AN ANTI-OBESITY SMARTPHONE APP COAXES KIDS AWAY FROM THEIR VIDEO AND TV SCREENS.

From the Nintendo Wii to Sony’s EyeToy, the home entertainment industry is seeking to motivate kids to get out of their chairs and move around when they play video games.

Stung by charges that video games are contributing to what some call an epidemic of obesity in America, the industry is hoping virtual reality can transform a passive activity into a physical one like shadow boxing with virtual targets or playing ball with remote teammates.

Mooi Choo Chuah also worries that a diet of video games, computers and movies is converting America’s kids into couch potatoes and “small muscle athletes.”

But Chuah, associate professor of computer science and engineering, wants to go a step or two further than Nintendo and Sony.

She wants to push physical fitness by liberating kids from their consoles and reconnecting them with the real world – and with each other.

Chuah and her undergraduate students have designed a mobile smartphone application that mounts a two-pronged attack on America’s sedentary lifestyle.

“If you want to entice kids to run around and engage in physical activity,” says Chuah, “you have to do it in a fun and social way.

“You need two things – competitiveness and an element of surprise.”

A virtual treasure hunt – played in the great outdoors

Chuah’s new mobile app, called WiFiTreasureHunt, combines treasure hunting with social networking and sensors.

When you click on the WiFiTreasureHunt app, your smartphone generates a map with, say, 10 locations chosen randomly from your immediate vicinity. Three sites might have a treasure – a coupon for a healthy snack or points that can be used to buy a ticket to a batting cage or skating rink.

The app prompts you to press your thumb against your phone’s camera. A pulse-reading program calculates your heartbeat and displays it on the phone screen. To begin a game, you send your heartbeat and starting time to a remote server where your personal data – age, weight, gender – are stored.

The remote server will tell you if there are other online users you may want to invite to your game. You and your friends can devise your own strategy for visiting the sites and looking for the treasures.

Each time one player visits a location, the map on everyone’s screen will be updated to reveal if that location contains a treasure or not. The game ends when all the treasures have been discovered. You and the other players are then prompted to measure your heartbeats again.

The starting and ending heartbeat readings, the time it takes to complete the game, and the locations visited by each user will be sent to the remote server for tallying. Your group can invite other groups to play the game for a week or a month; in this case, the remote server will tally the data for all the groups and identify the winning group at the end of the competition duration.

“WiFiTreasureHunt is like playing a video game in real life,”says Chuah. “You interact not just with the computer, but with the environment and potentially your friends as well.”

Chuah has consulted with Judy Lasker, professor of sociology, on Fitness Tour. Several undergraduate students, including Steve Sample ’11 and Gregory Jakes, have helped with software programming.

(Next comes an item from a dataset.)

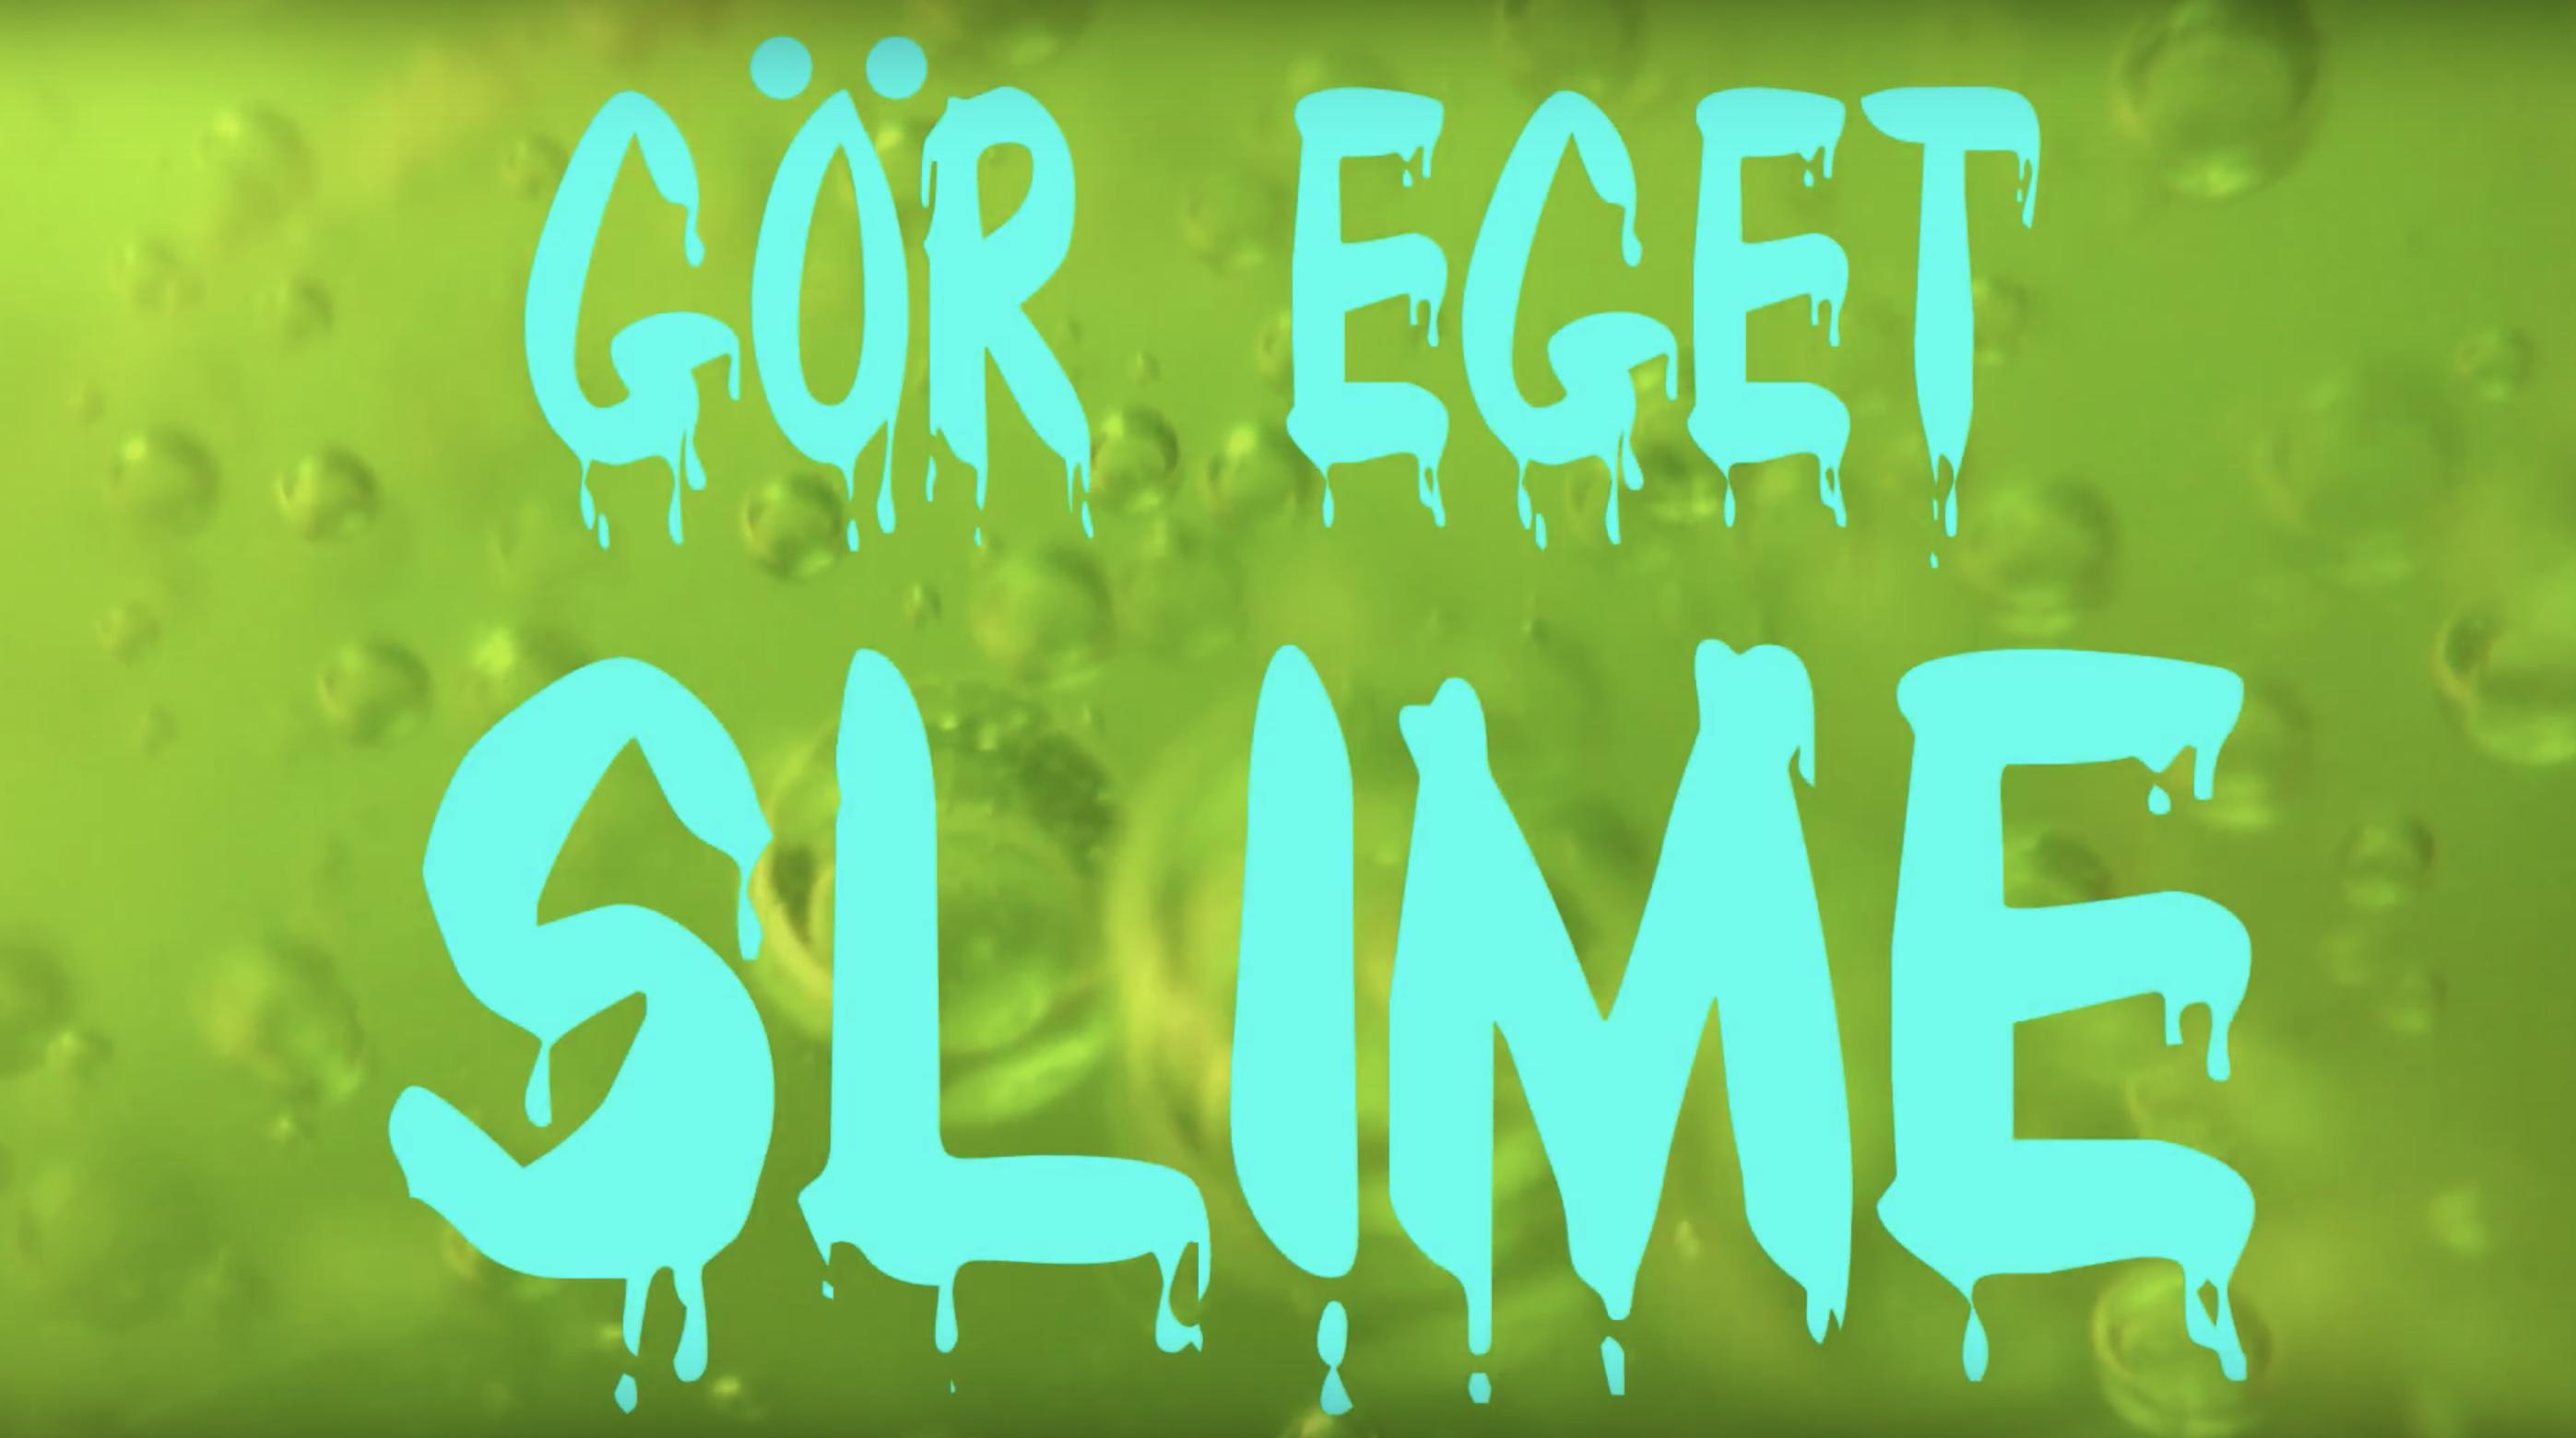 Göra eget slime/slajm - recept

Chuah’s next step is to test the app with human subjects, starting with college students. She also plans to add a barcode scanner program that will tell users the calorie content of the snack food they eat and suggest more healthful alternatives.

Further down the road, Chuah and her group will conduct a large-scale test to compare the exercise benefits between a control group using WiFiTreasureHunt and a group playing Wii games.

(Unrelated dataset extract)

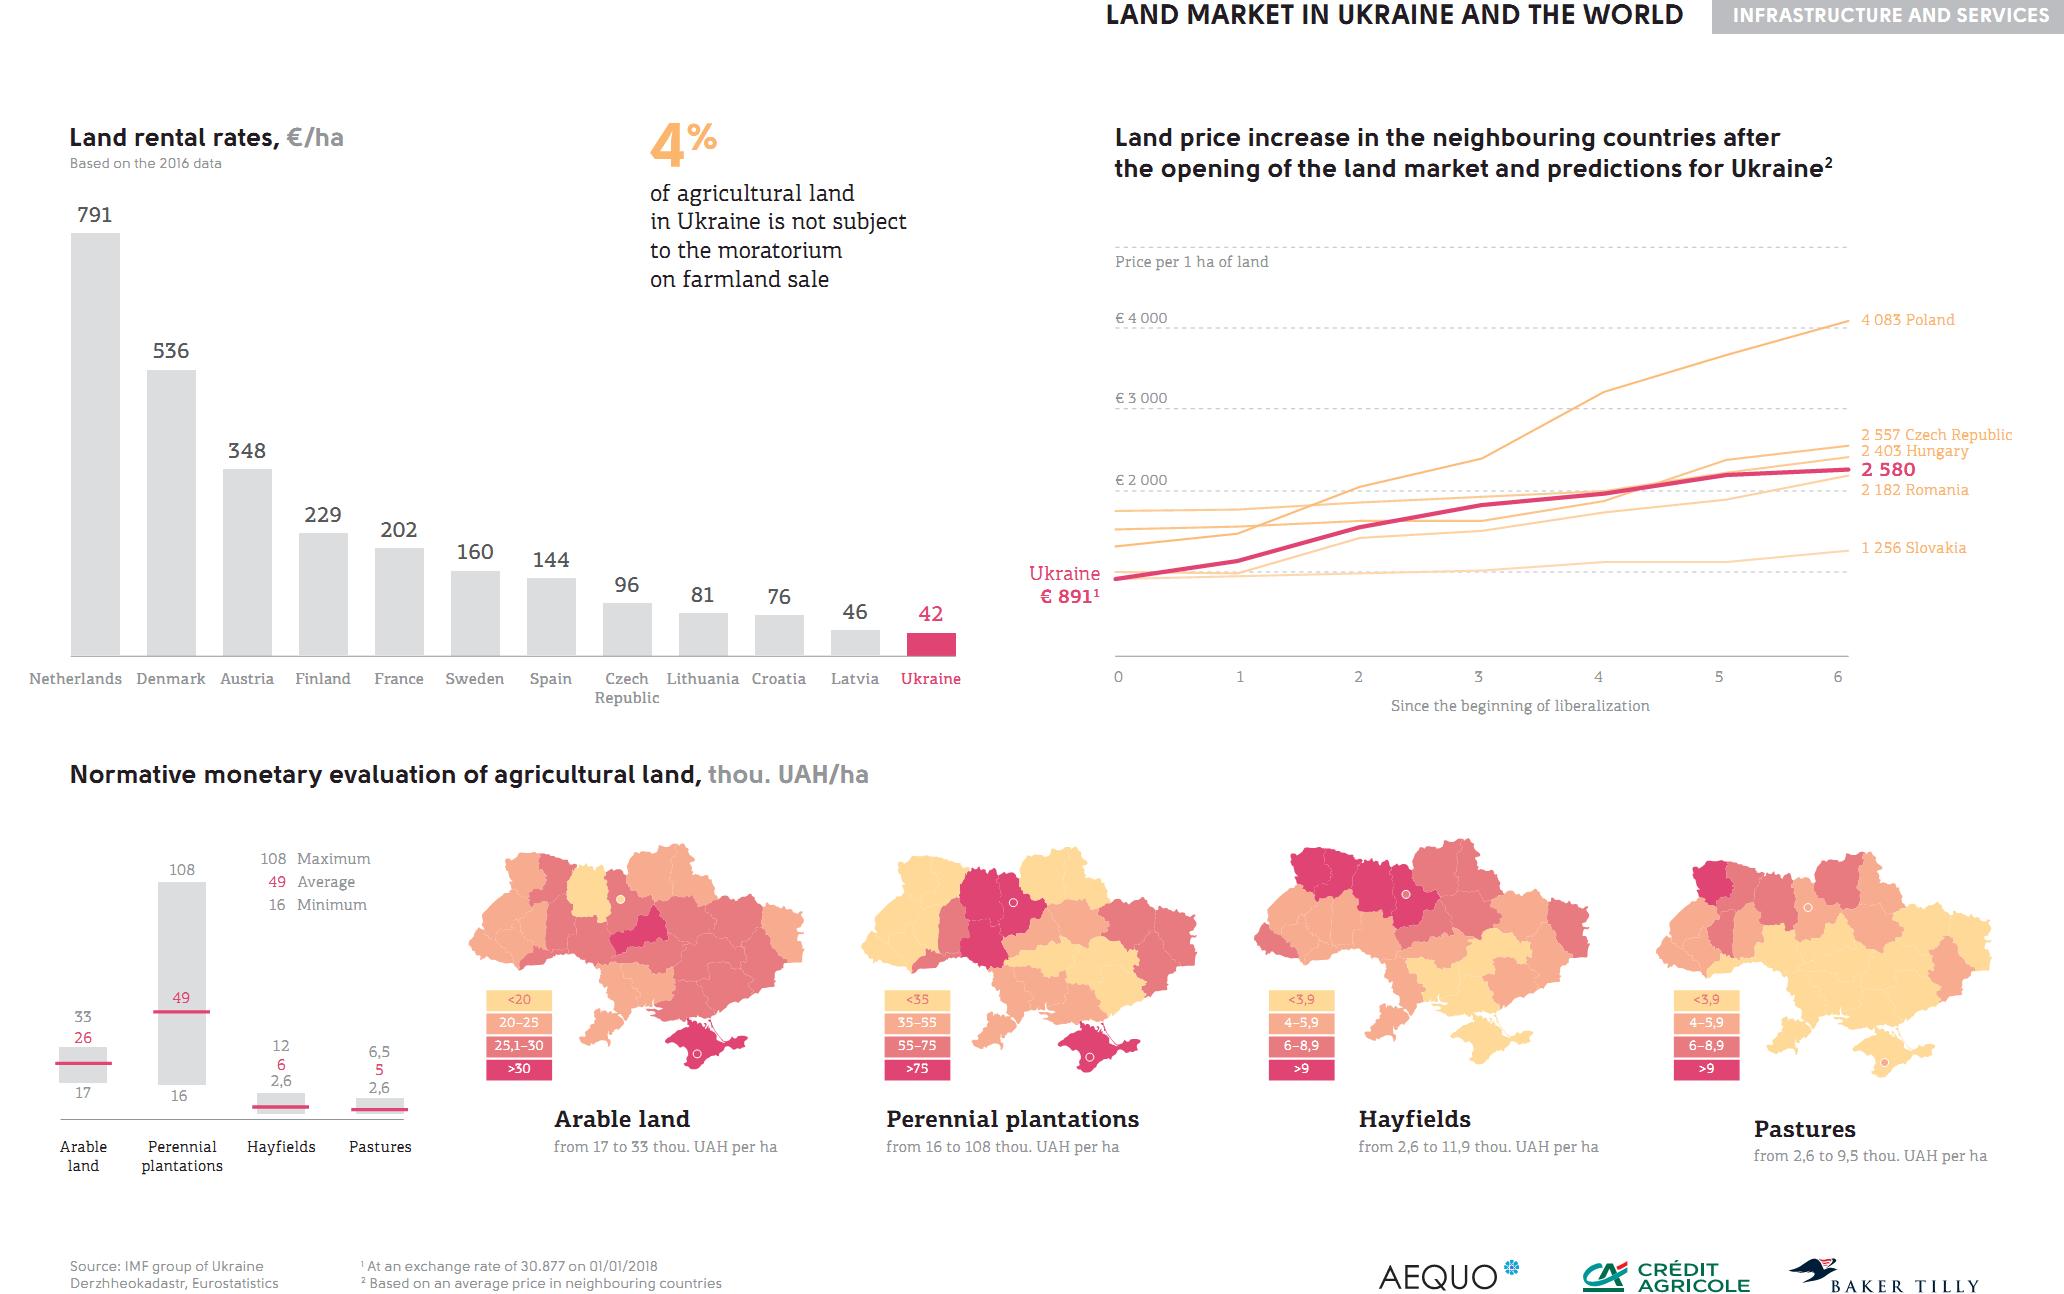 Farmland market in Ukraine and the world (click for full resolution)

“Our goal is to design games with educational value and to do this in a way that is exciting and can help people,” she says.

An assist for special-ed teachers

In a related project, Chuah is developing a mobile-health smartphone app for autistic children and their teachers. Her collaborators include Linda Bambara, professor of special education, and Michael George, director of the Centennial School, a special-ed facility run by Lehigh.

In a computer science senior design project Chuah recently supervised, Michael DiBlasio ’11 designed an autism social alert system that correlates environmental stress factors with typical autistic behaviors. The system collects and analyzes accelerometer readings from a child’s phone to identify behaviors such as leg shaking or hand clenching that can occur in response to loud noises or other sudden changes in a child’s environment.

“Autistic children have short attention spans,” says Chuah. “They might not react well to strangers or to other unexpected stimuli. If we can correlate these events with misbehaviors, we can play an audio clip on a child’s earplugs. This could be the child’s mother or someone else with a soothing voice who can give guidance for proper behaviors.”

The autism application contains a feature that automates the data that teachers are required to record, potentially reducing their workload and freeing them to spend more time with students.

Chuah’s past research has been supported by NSF, the Pennsylvania Infrastructure Technology Alliance, the Army Research Laboratory and DARPA. She recently submitted an NSF proposal to conduct research into the system and security design of a mobile healthcare system.